-- Assignment --
Start to finish, print the data below exactly, without the images.

The data Start Marker

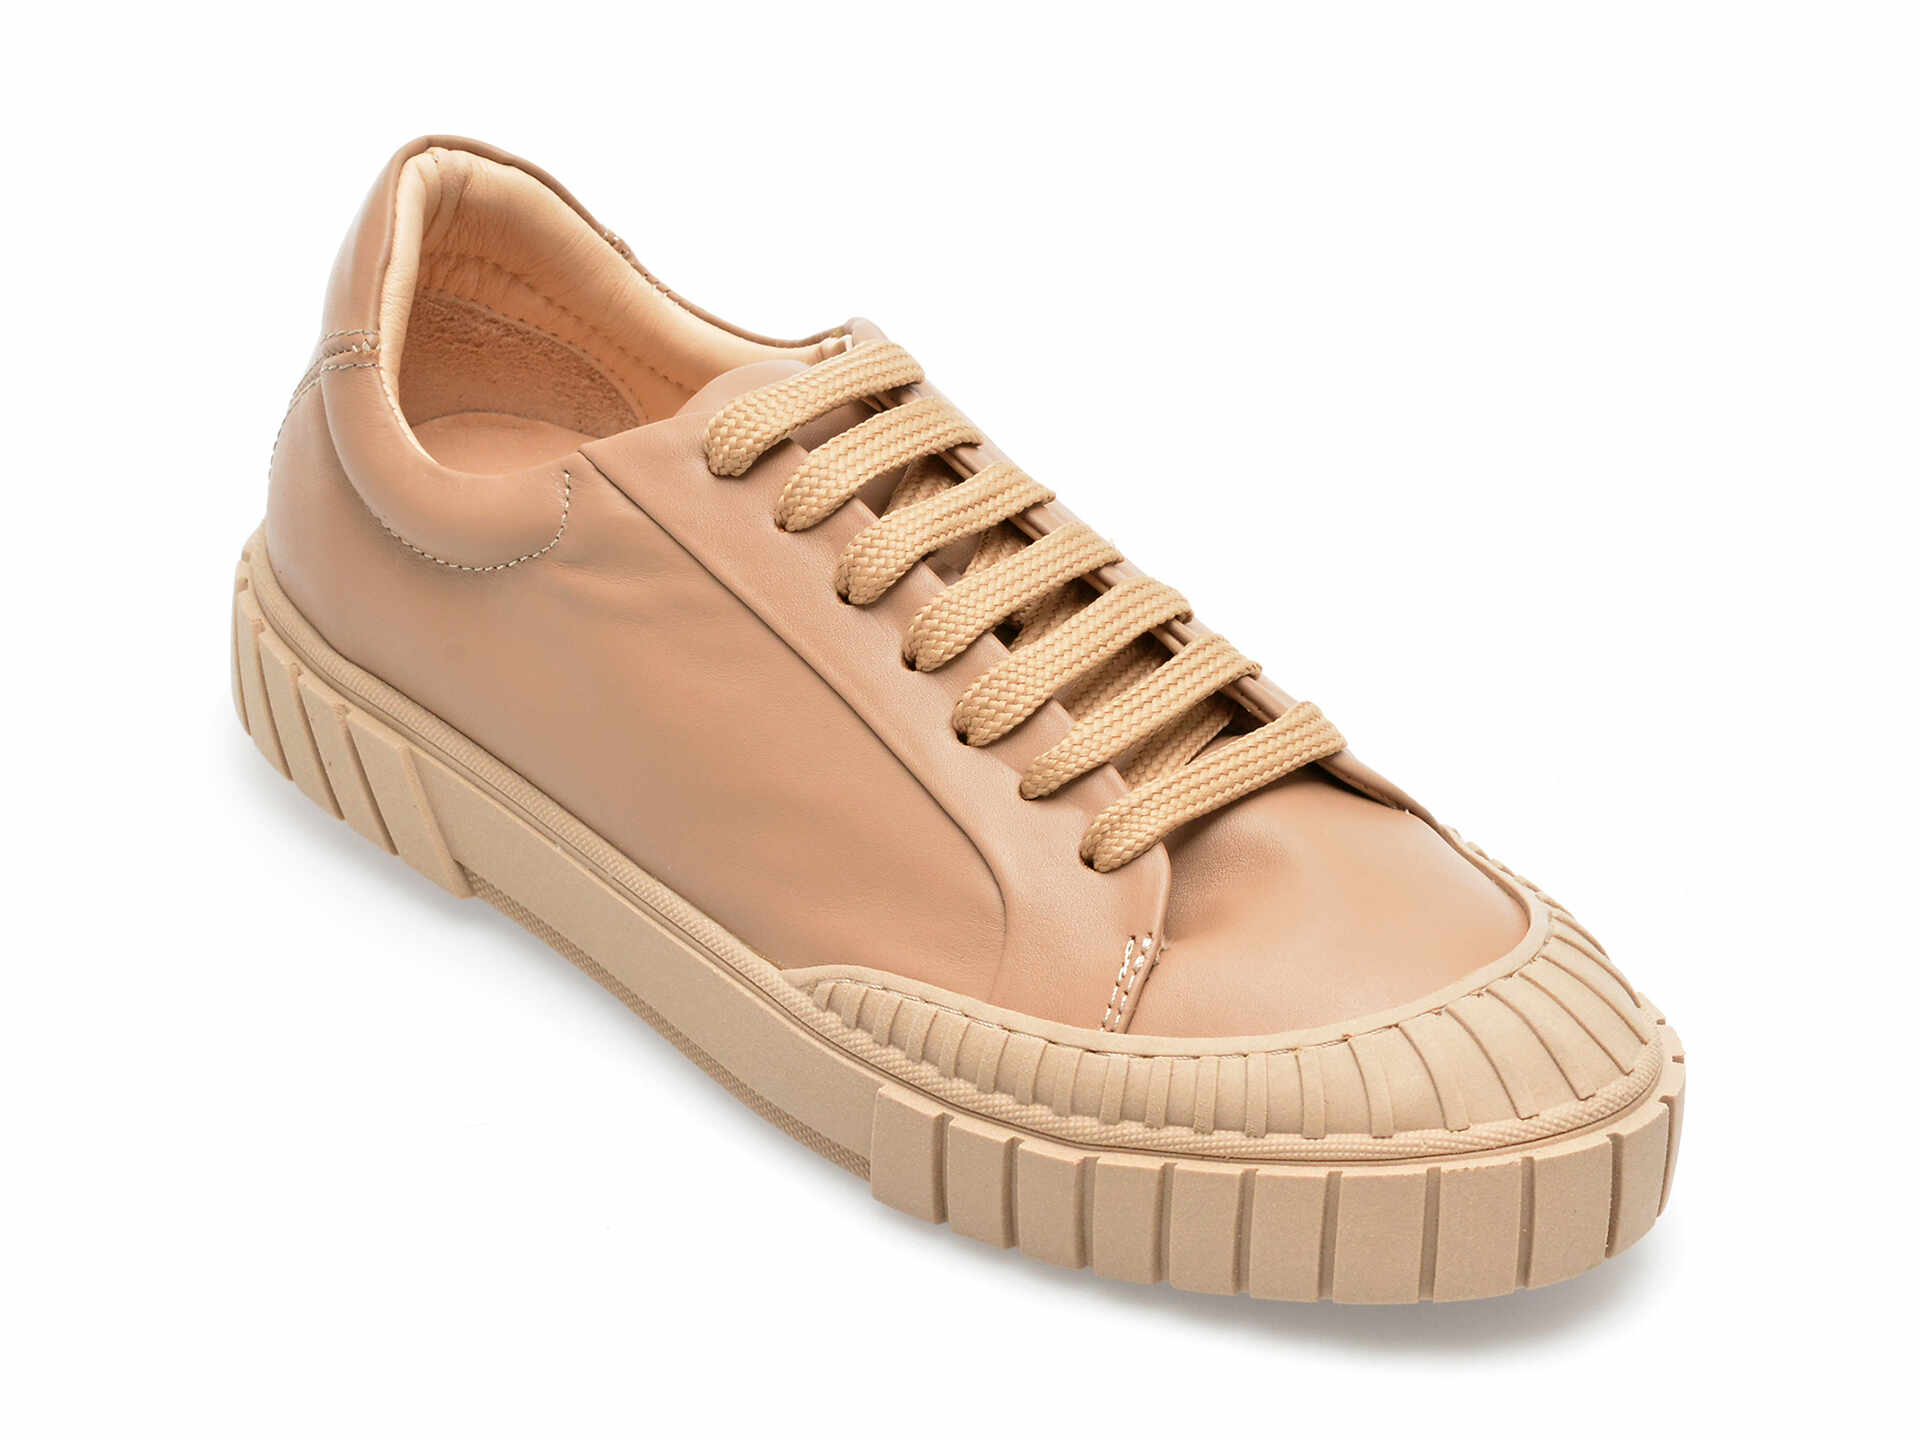 Pantofi GRYXX maro, 1187063, din piele naturala
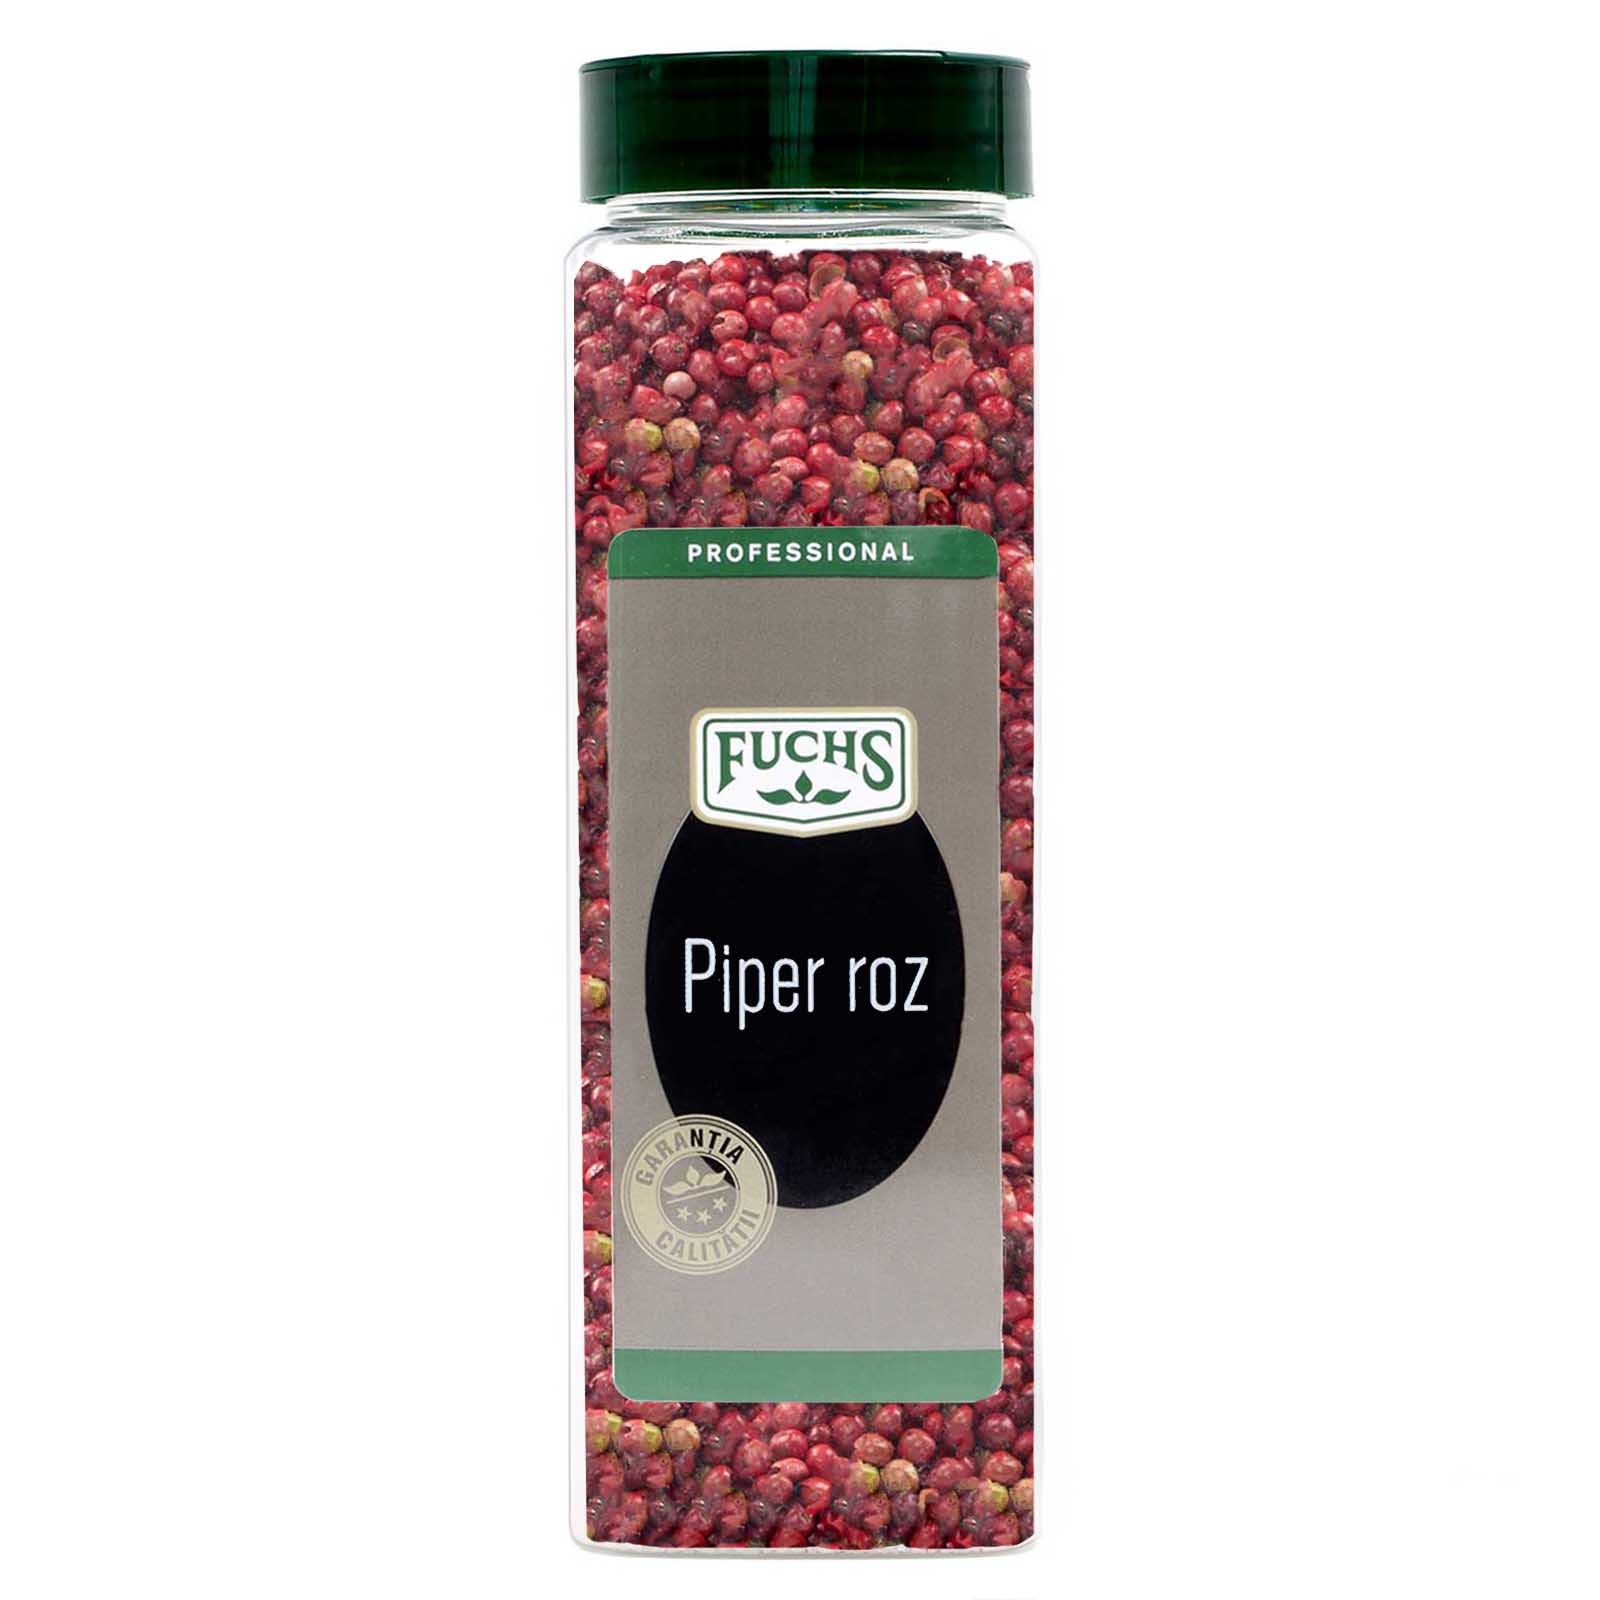 Piper roz, Fuchs, 250g
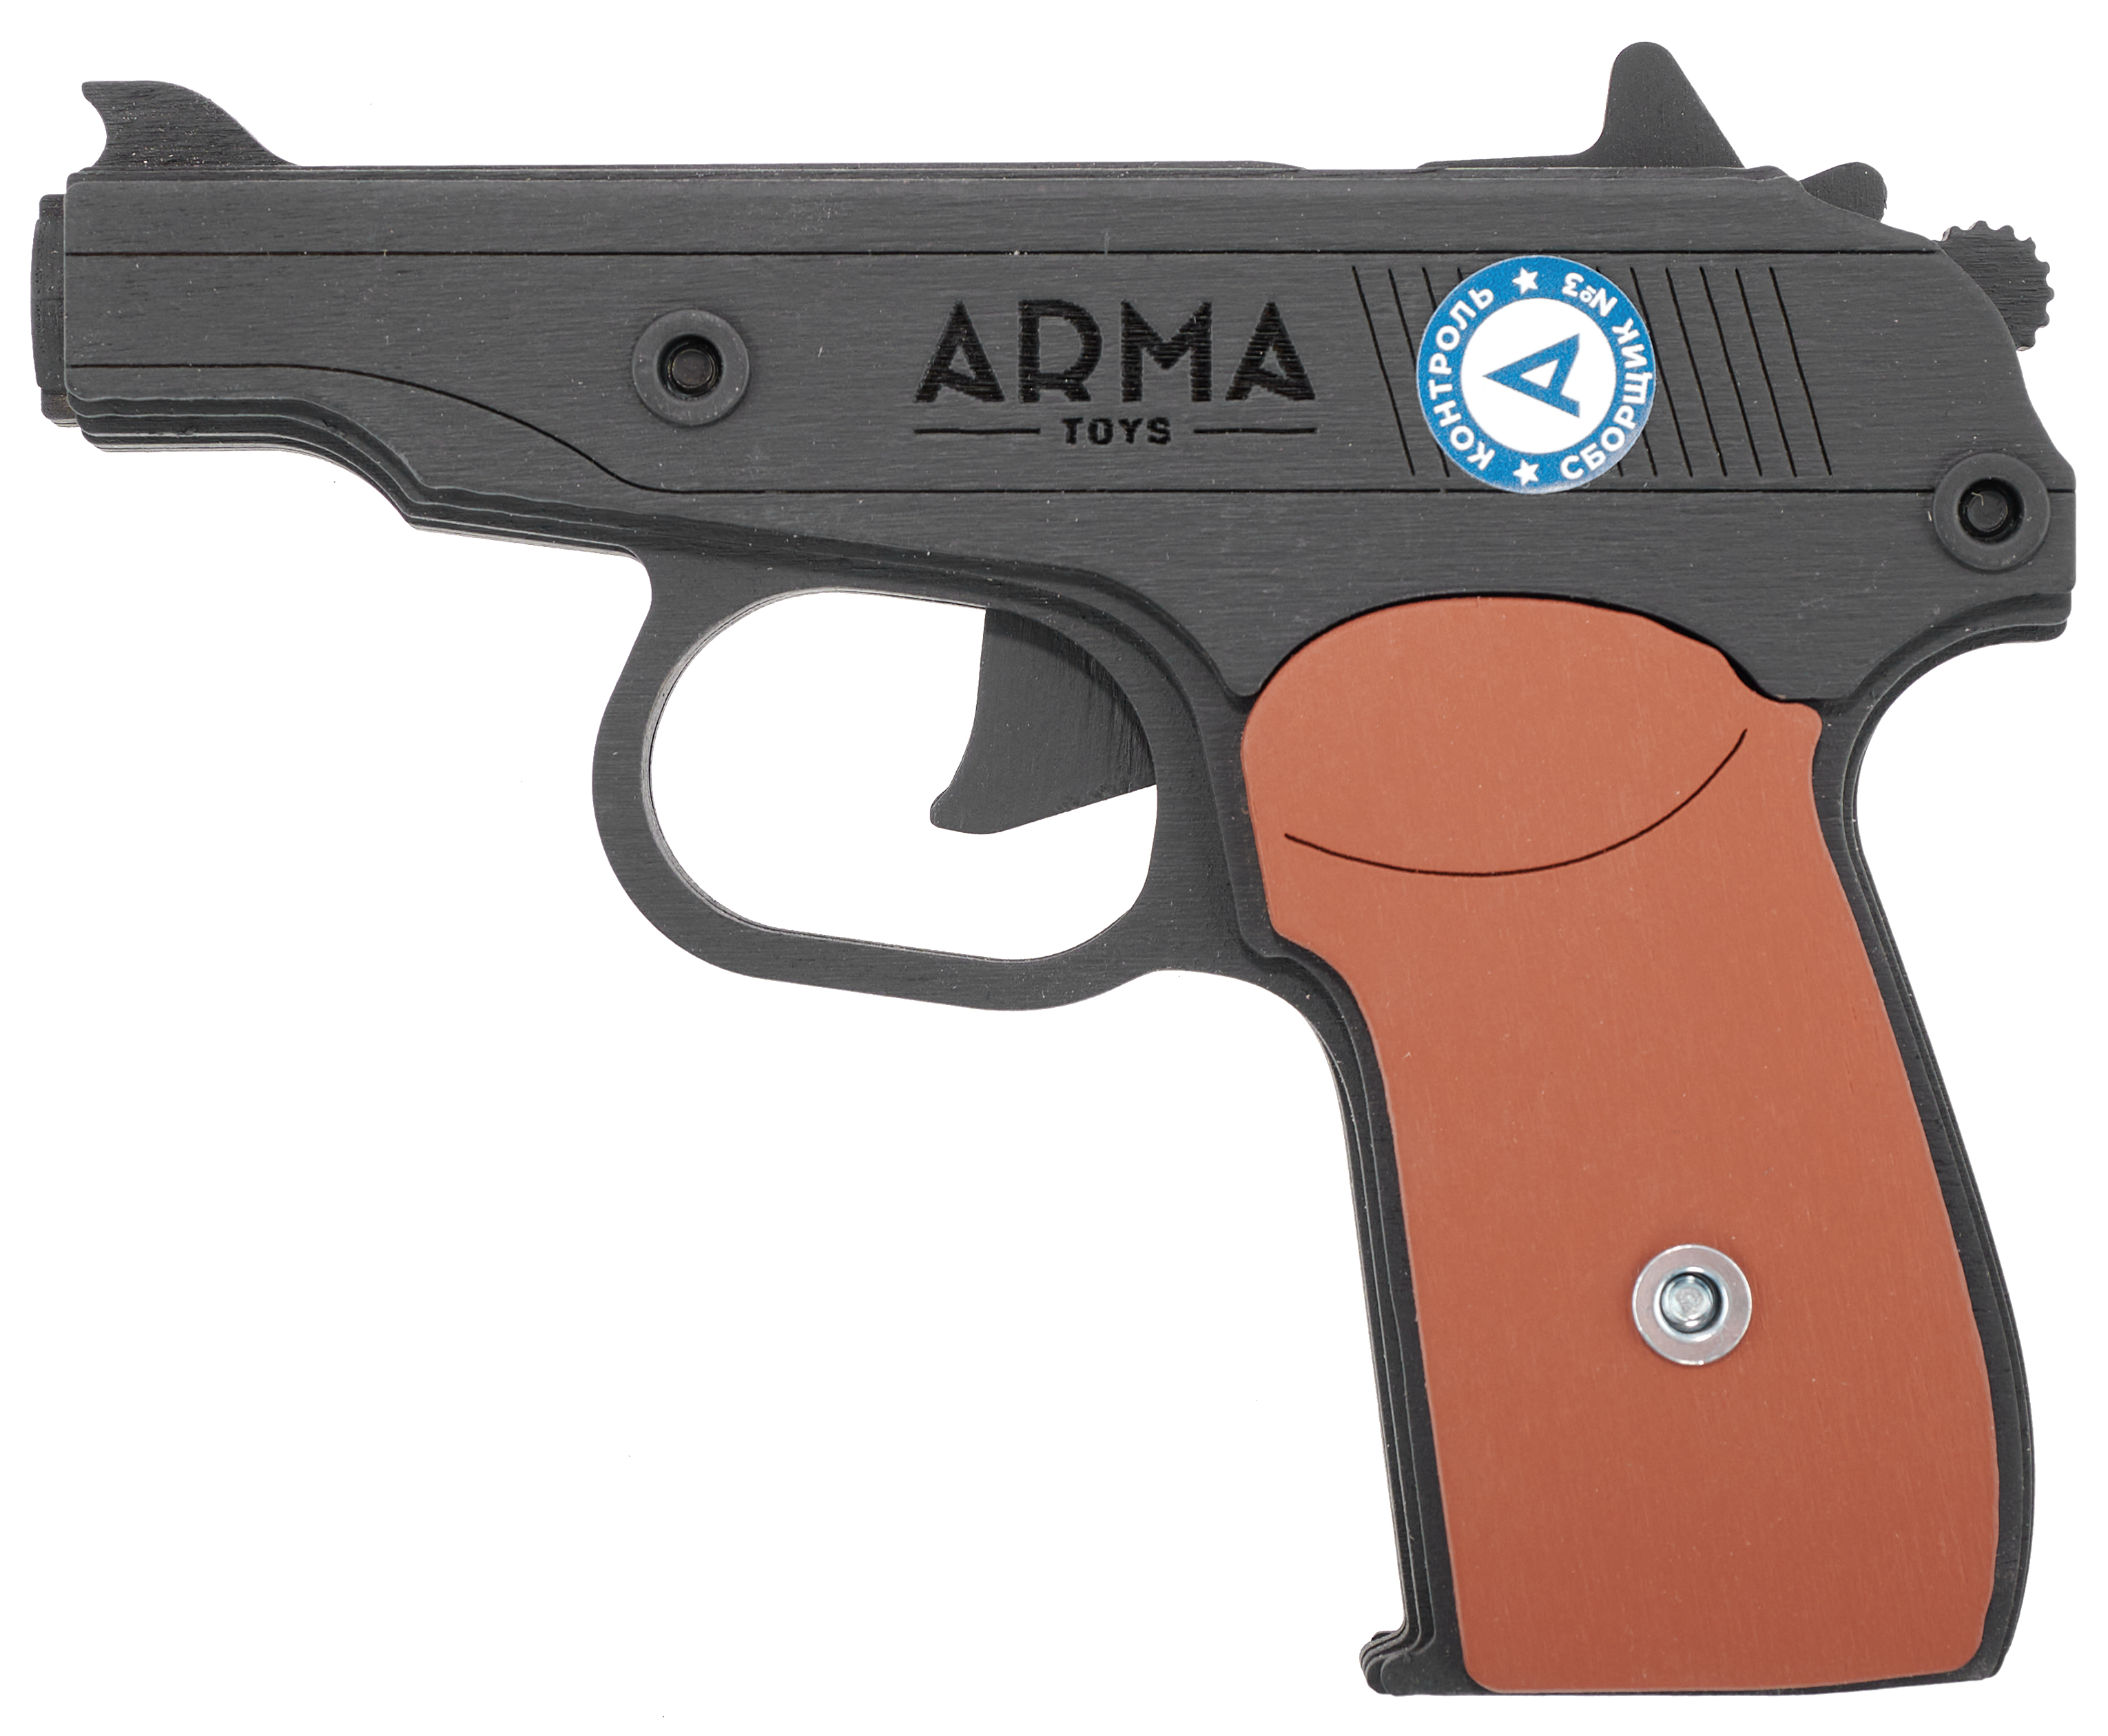 Резинкострел игрушечный Arma toys пистолет Макарова макет, ПМ, окрашенный, AT012K резинкострел arma toys пистолет тт тульский токарева

The data End Marker

-- Solution to this exercise --
 Pantofi GRYXX maro, 1187063, din piele naturala
 Piper roz, Fuchs, 250g
 Резинкострел игрушечный Arma toys пистолет Макарова макет, ПМ, окрашенный, AT012K резинкострел arma toys пистолет тт тульский токарева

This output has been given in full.